Towards Realistic and Consistent Orbital Video Generation via 3D Foundation Priors¶

Conference: CVPR 2026
arXiv: 2604.12309
Code: None
Area: 3D Vision / Video Generation
Keywords: Orbital Video Generation, 3D Priors, Video Diffusion, Multi-view Consistency, Shape Realism

TL;DR¶

The authors propose leveraging the latent features of a 3D foundation generative model (Hunyuan3D) as shape priors. These are injected into a base video diffusion model through multi-scale 3D adapters to achieve geometrically realistic and view-consistent orbital video generation from a single image.

Background & Motivation¶

Background: Orbital video generation (generating videos from object images and camera trajectories) has received significant attention. Existing methods mainly rely on pixel-level attention to ensure view consistency.

Limitations of Prior Work: Pixel-level attention fails to establish effective pixel correspondences under large viewpoint changes (e.g., front-to-back), leading to distortions and unnatural structures. Some methods attempt to use 2D foundation models (e.g., single-view depth maps) as geometric conditions, but 2.5D priors cannot model the complete object shape and remain insufficiently constrained for unobserved or occluded parts.

Key Challenge: Video diffusion models lack 3D world knowledge. Relying solely on 2D attention or 2.5D priors cannot guarantee shape realism under large viewpoint variations.

Goal: Utilize the ability of 3D foundation models to encode complete object shapes to provide effective 3D shape constraints for video generation.

Key Insight: The latent features of a 3D foundation model can serve as effective 3D shape priors, providing both auxiliary constraints and enhanced view consistency.

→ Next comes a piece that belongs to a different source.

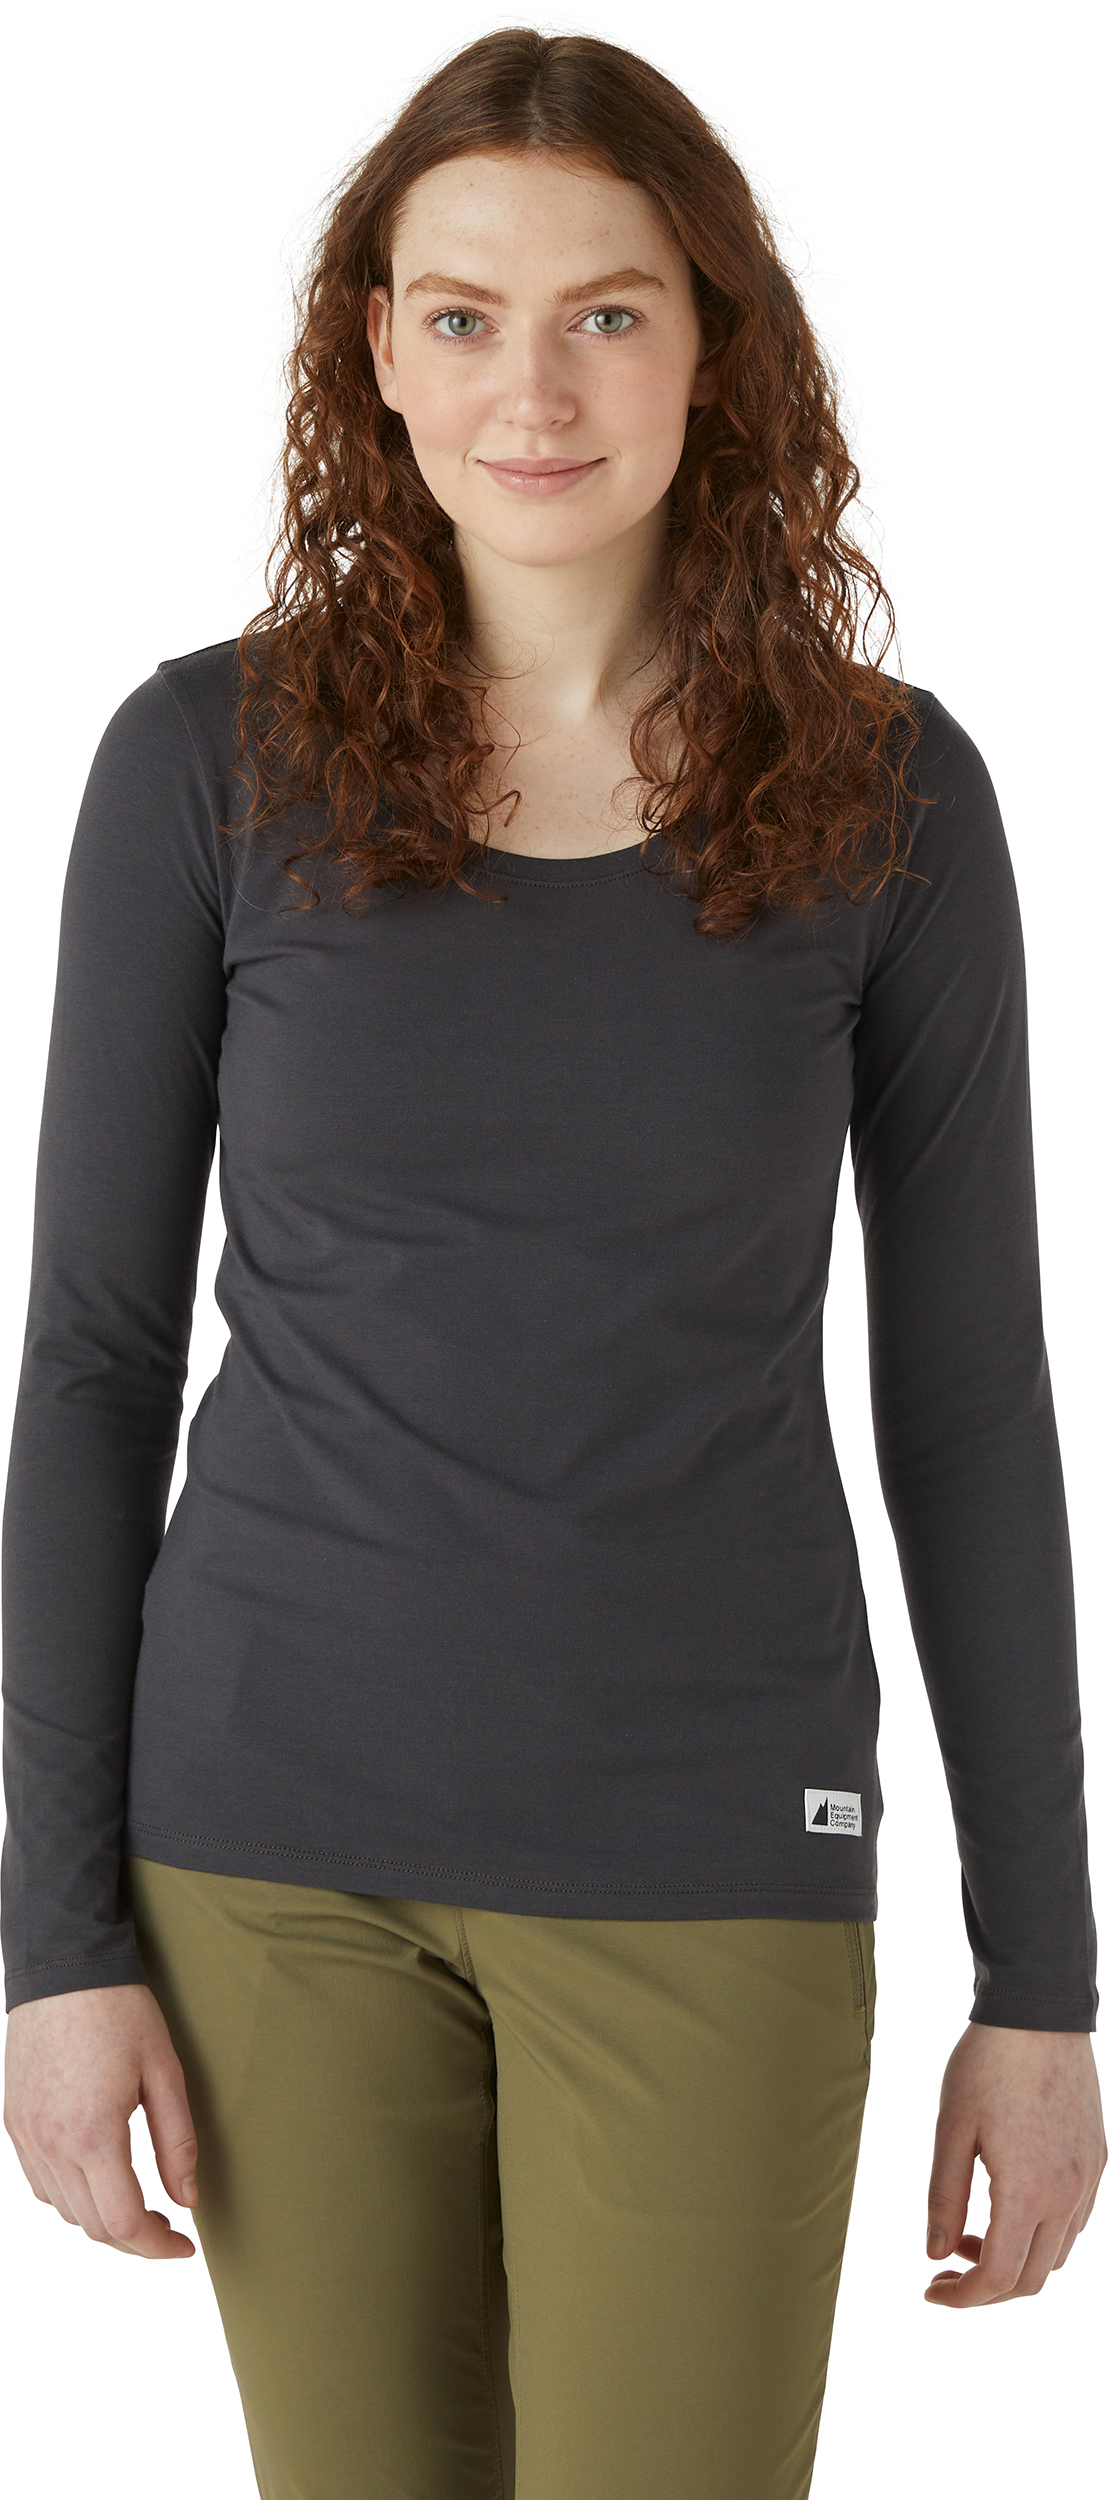 Womens Stretch Long Sleeve Top – Organic Cotton – pink, truffle or

Core Idea: Extract two scales of latent features (global shape vector + view-dependent latent images) from a 3D foundation model and inject them into a video diffusion model via multi-scale adapters.

Method¶

Overall Architecture¶

Built upon the SVD video diffusion model, the input image is simultaneously fed into a 3D foundation model (Hunyuan3D) to obtain shape priors. Features of two scales are injected into each Transformer block via multi-scale 3D adapters using cross-attention mechanisms to guide video generation. At inference time, 3D feature extraction incurs only about 2 seconds of additional overhead.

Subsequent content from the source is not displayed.